While Goswami is not being investigated for financial corruption, what few dispute is the political intent of the ruling Shiv Sena in recent actions to do with Arnab and his channel. Journalists who have risked much to stand up and fight for ethical journalism have argued that journalists do not need to speak on this case which is a political fight between two parties, the BJP having jumped to his defence.
Regardless of who has a stake in this fight, if we accept the premise that Goswami has been targeted in a political fight because of what he broadcasts on his channel, we need to think carefully about whether this meets the threshold that requires journalists to speak up, even if it is a case of two parties (within a larger intolerant right-wing culture) who are currently engaged in shadow boxing.
The grounds for arrest also seem tenuous if the suicide of an architect is being blamed on him, as the bar for abetment is quite high and requires mens rea as reported by The Wire: “In January 2010, the Supreme Court had held that for a case of abetment to be made out, there must be mens rea or intention – so the accused must have intended for the person to die by suicide. Given that, a suicide note is not enough to file abetment charges, several legal experts have held.”
It should be possible for us, as journalists, to employ the nuance that we think is a necessary part of good journalism. Not to rush to his defence or stay silent but to simply stress on the need for the law to take its own course. Not to support Goswami in a knee-jerk response, but to stress that while no journalist is beyond prosecution, every citizen should be beyond persecution, and to ask the Mumbai police to prosecute for actual crimes committed. If there is sufficient evidence that points to non-payment of dues, the charges that need to be brought against Goswami are likely that of section 420 (cheating and dishonestly inducing delivery of property) not 309 (attempt to commit suicide or suicide assistance) of the IPC.

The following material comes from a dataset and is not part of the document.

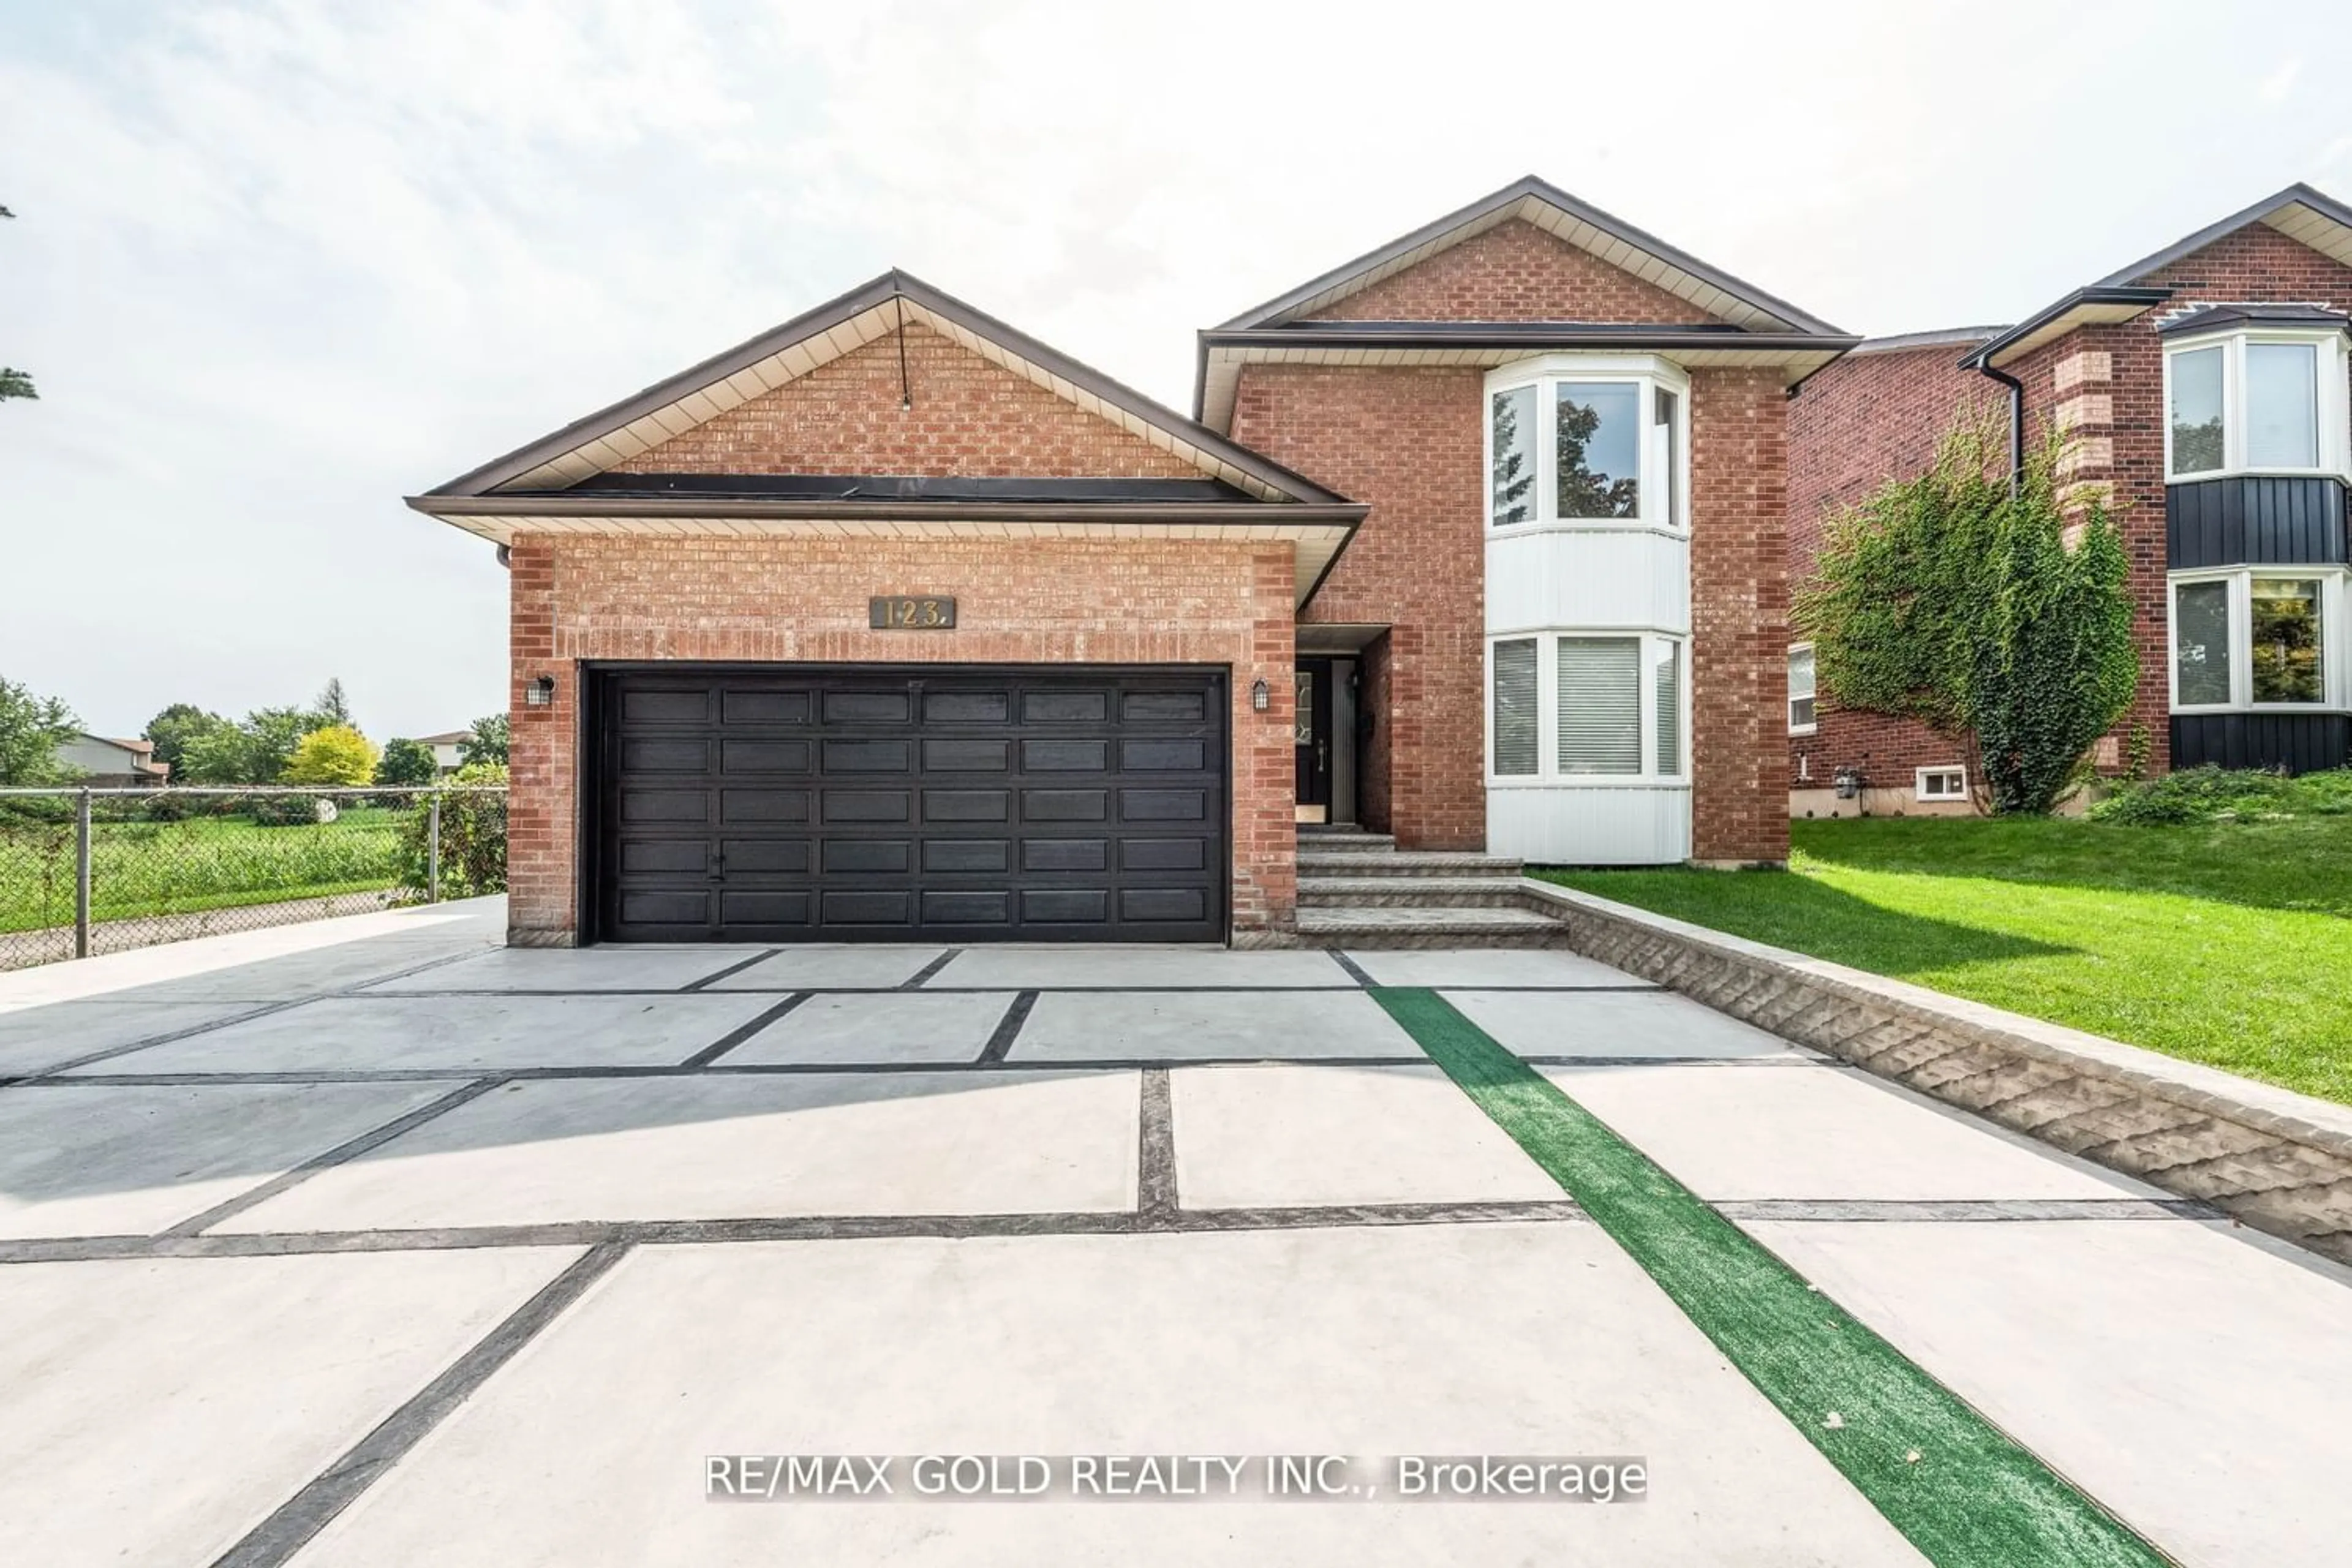 Home with brick exterior material for 123 Meadow Dr, Orangeville Ontario L9W 4J7

That still leaves misgivings that many of us may still have – not on the grounds of technicality but the larger ethical issue of whether we do want to extend our support in defending a mediaman against indefensible charges even though the mediaman’s practice of journalism is indefensible.
Tactically speaking – despite our momentary glee at seeing someone we dislike intensely getting his comeuppance – his arrest, on grounds that are unlikely to be sustained in the court, is more likely to make a political martyr of the man than diminish him. However, the label that follows a case of 420 – of being a cheater – is far harder to shake off.
Finally, if we find Goswami’s brand of media problematic, and many of us do, we need to try and counter that through means of discourse, legal remedies and using whatever organisations and means are still available to us. This could include robust prosecution of hate speech and a denunciation of fact-free media production in every platform available. To take succour in any other shortcut may be unhelpful and undermine our own strengths.
Aunohita Mojumdar is a senior Southasian journalist and the former editor of Himal Southasian.